Propafenone 3.5 mg/ml 10 ml 10 pcs. injection

pharmachologic effect

The effect is based on a local anesthetic and direct membrane-stabilizing effect on myocardiocytes. It has m-anticholinergic and beta-adrenergic blocking (weak) effects, blocks sodium channels.

Composition and release form Propafenone 3.5 mg/ml 10 ml 10 pcs. injection

film-coated tablets - 1 tablet. propafenone hydrochloride - 150 mg excipients: lactose monohydrate; MCC; sodium lauryl sulfate; sodium starch glycolate; povidone; talc; magnesium stearate; opadry white Y-1-7000. in a dark glass bottle 40 pcs.; 1 bottle in a cardboard pack.

Description of the dosage form

White, round, biconvex, film-coated tablets, scored on one side.
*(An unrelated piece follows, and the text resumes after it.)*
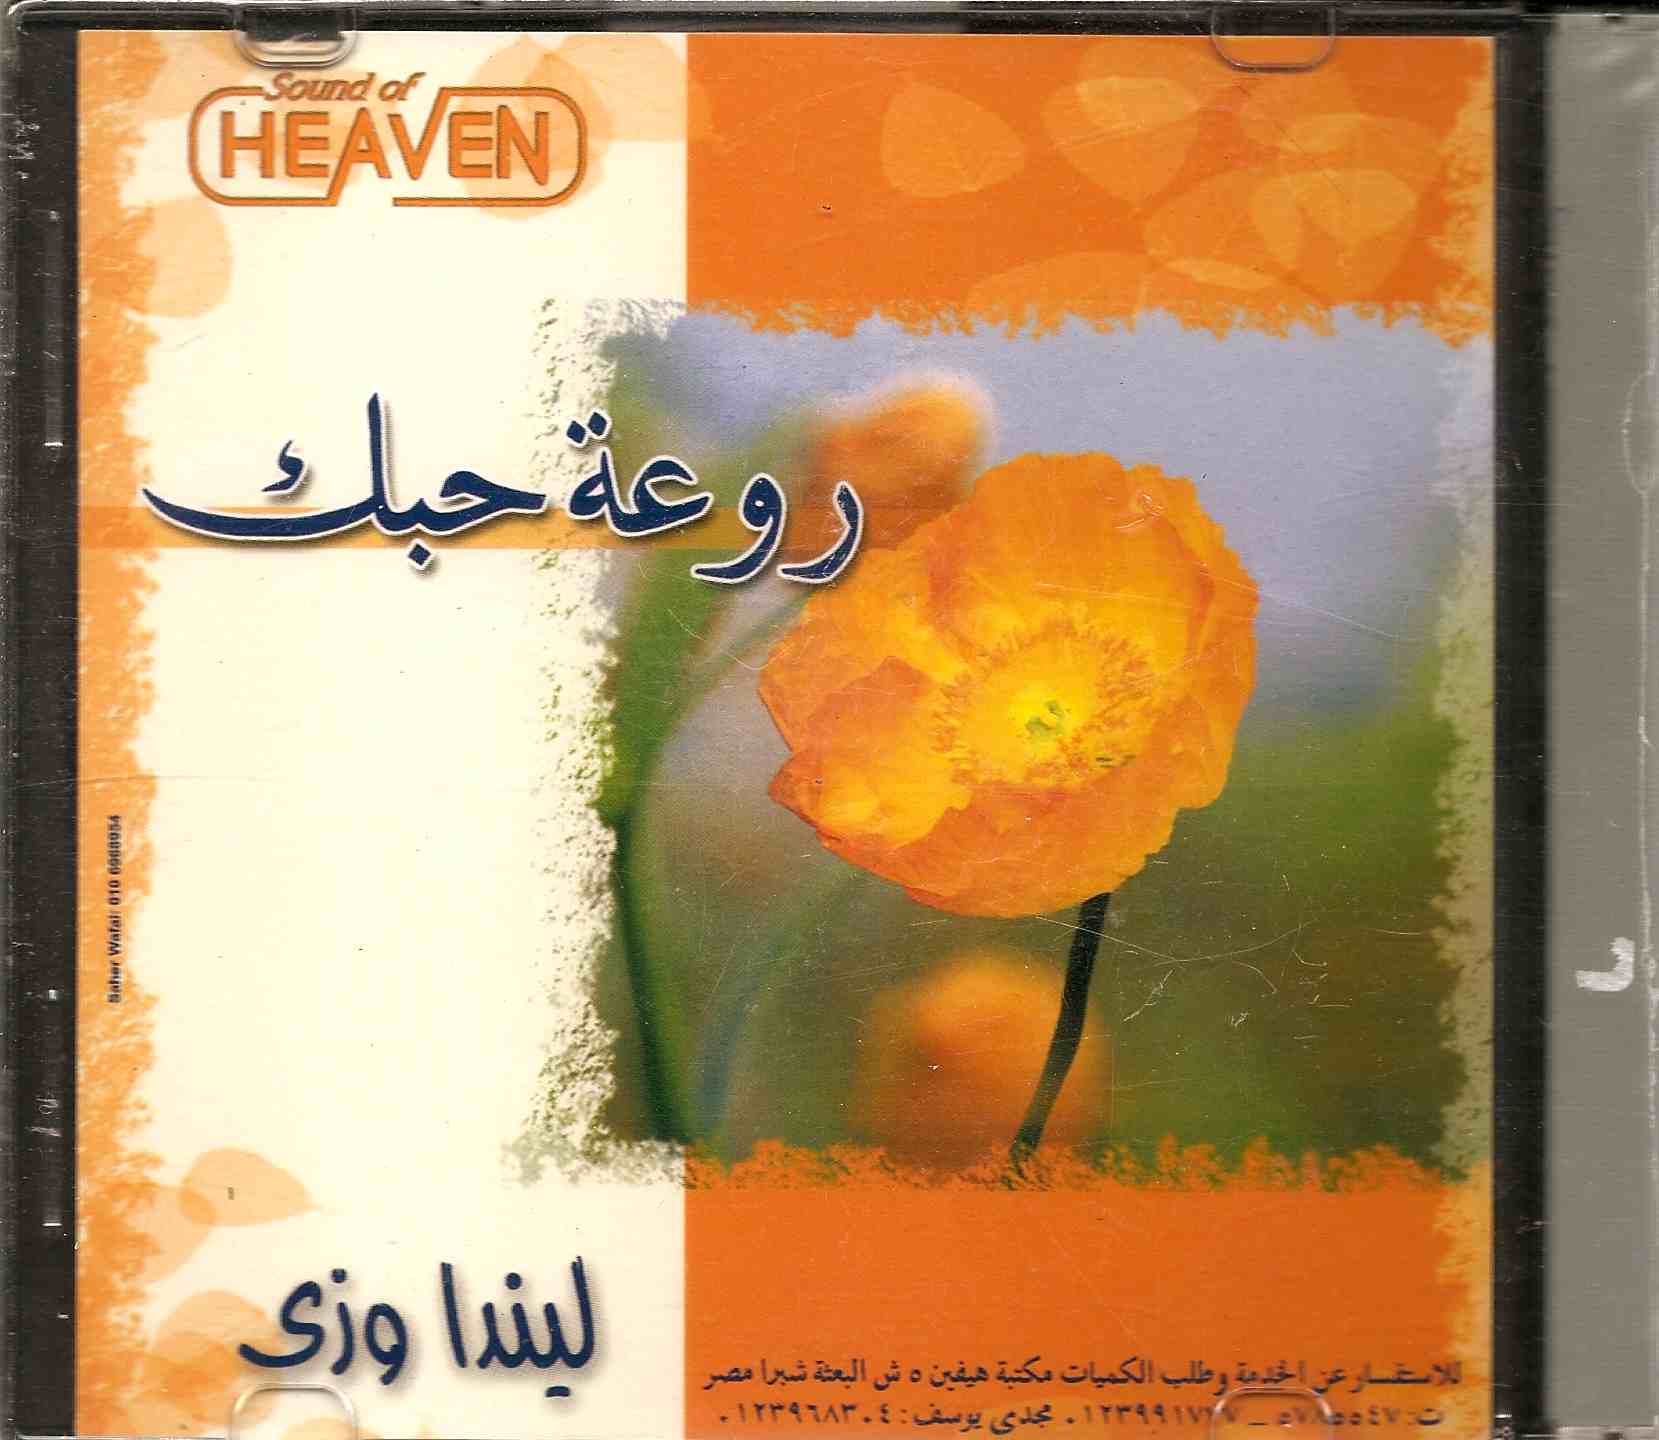 Sound of Heaven Arabic music CD "Roaa Hobak"

Directions for use and doses

For the treatment and prevention of extrasystole, it is prescribed orally at an initial dose of 450-600 mg per day. If the effect is insufficient, the dose is increased to 900 mg. The tablets should be taken after meals, without chewing, with a small amount of liquid. For paroxysmal rhythm disturbances, it is prescribed intravenously by drip at an initial dose of 500 mcg per kg of body weight, if the effect is insufficient - 1-2 mg/kg.

Pharmacodynamics

Class IC antiarrhythmic drug. Blocks fast sodium channels, causes a dose-dependent decrease in the rate of depolarization, inhibits phase 0 of the action potential, its amplitude in Purkinje fibers and contractile fibers of the ventricles, and inhibits automaticity. Extends conduction time through the sinoatrial node (SA) and atria, slows down conduction through Purkinje fibers. Causes prolongation of the PQ interval and expansion of the QRS complex, as well as the AH and HV intervals. By slowing down conduction, it lengthens the effective refractory period in the atria, in the AV node, in accessory bundles and, to a lesser extent, in the ventricles. The QT interval does not change significantly. Electrophysiological effects are more pronounced in ischemic compared with normal myocardium. The local anesthetic effect approximately corresponds to the activity of procaine. Beta-blocking activity corresponds to approximately 1/40 of the activity of propranolol. It has a negative inotropic effect, which usually occurs when the left ventricular ejection fraction decreases below 40%. The action begins 30 minutes after oral administration, reaches a maximum after 2–3 hours and lasts 8–12 hours.

Pharmacokinetics

After oral administration, absorption is more than 95%. Bioavailability increases nonlinearly with increasing dose: when increasing a single dose from 150 to 300 mg, it increases from 5 to 12%, and up to 450 mg, to 40-50%. Cmax fluctuates in the range of 500-1500 µg/l, Tmax - 2-3 hours. Passage through the BBB and the placental barrier is insignificant. Distribution volume - 3-4 l. Communication with proteins of plasma and internal organs (liver, lungs, etc.) - 85-97%. Metabolized almost completely. 11 metabolites of the drug have been described, of which the metabolically active ones are 5-hydroxypropafenone and N-depropylpropafenone, which have antiarrhythmic activity comparable to propafenone. Oxidative metabolism depends on a specific cytochrome, whose activity is genetically determined. The therapeutic range of plasma concentration is 0.5-2.0 mg/l. T1/2 in persons with fast metabolism is 2-10 hours, slow - 10-32 hours, biological T1/2 - 6.2 hours. Excreted by the kidneys.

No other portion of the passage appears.